I woke up this morning with my shirt on upside down.
You mean inside out.
No, upside down. I ripped the neck hole in the process of getting it around my waist.
My wife says its no good to have oral sex during pregnancy. So i guess pregnancy is like regular life.
people from other dorms came to marvel at the dump i took. i had a bio major take a picture.
My STD test came back clean. I'd like to thank all the guys I've slept with, they made this possible. I want to say thanks to all my friends, for believing in me living up to the full slut potential. And last but not least, I'd like to thank alcohol.
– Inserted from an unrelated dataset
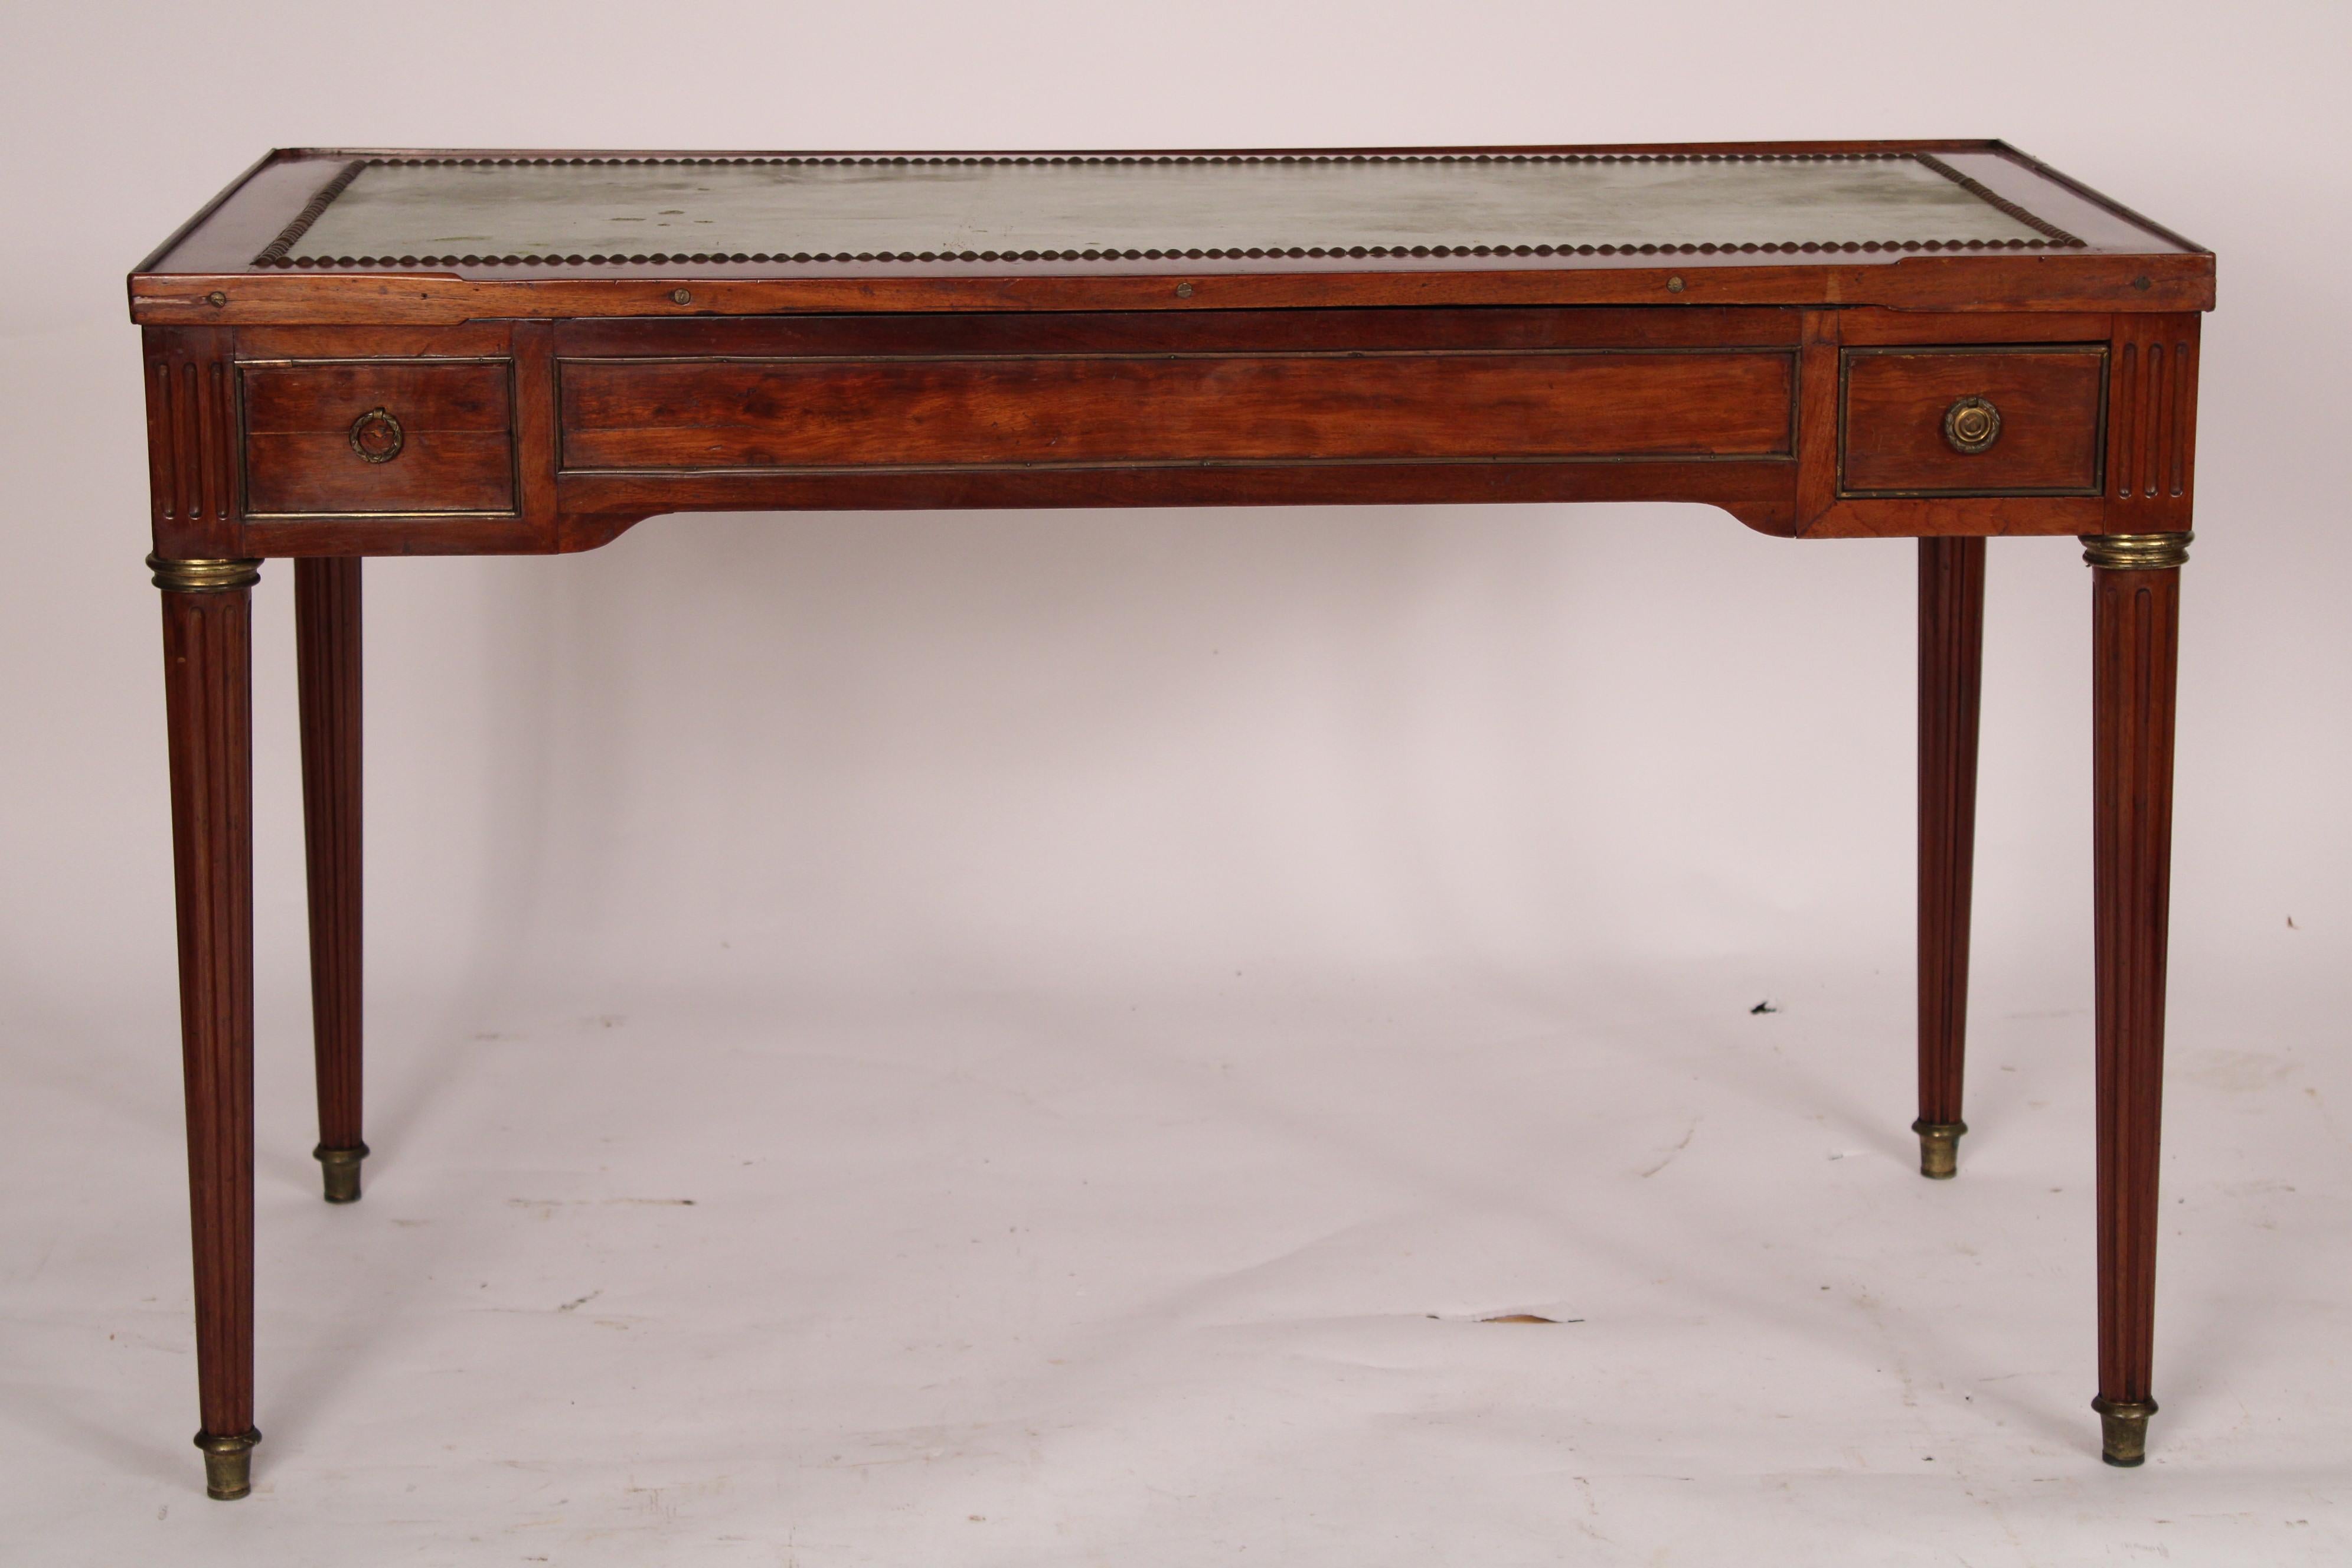 Antique Louis XVI style mahogany brass mounted tric trac / writing table, 19th century. Removeable mahogany top inset with faux leather, frieze with brass mounted drawers, drawer on the right side pulls out the center and left drawer fronts are

I wouldn't be who I am today w/out you. I feel like I need to frame this...
I miss old school porno. There just isn't any love in porn these days.
I found out you can't leave the bar with a drink. I also found out that pouring it on the bouncers shoes is also unacceptable.
I'm sorry for peeing on your door. But it was your decision to open it.
Hurricane Sex Time is the only thing iv said since it started.
I got pulled into the conversation by "she sleeps with everybody" then "she" involved sleeping with "cocks the size of a viva burrito"
BTW rolling him off the couch and onto that tarp was pure genius. He definitely pissed himself last night.
Note to self; if you can light it on fire, you probs shouldn't drink it
Mom and dad should be so proud half of their children have gotten naked in the same local grocery store
He's actually really cute and seems like a good guy. And given that he likes lots of drugs, he could come in handy.
Somehow I just turned an entire McDonald's bag upside down in my car and not a single fry fell out. The Lord really does work in mysterious ways.
Sometimes you wanna cuddle and sometimes you wanna get blown in the bathroom.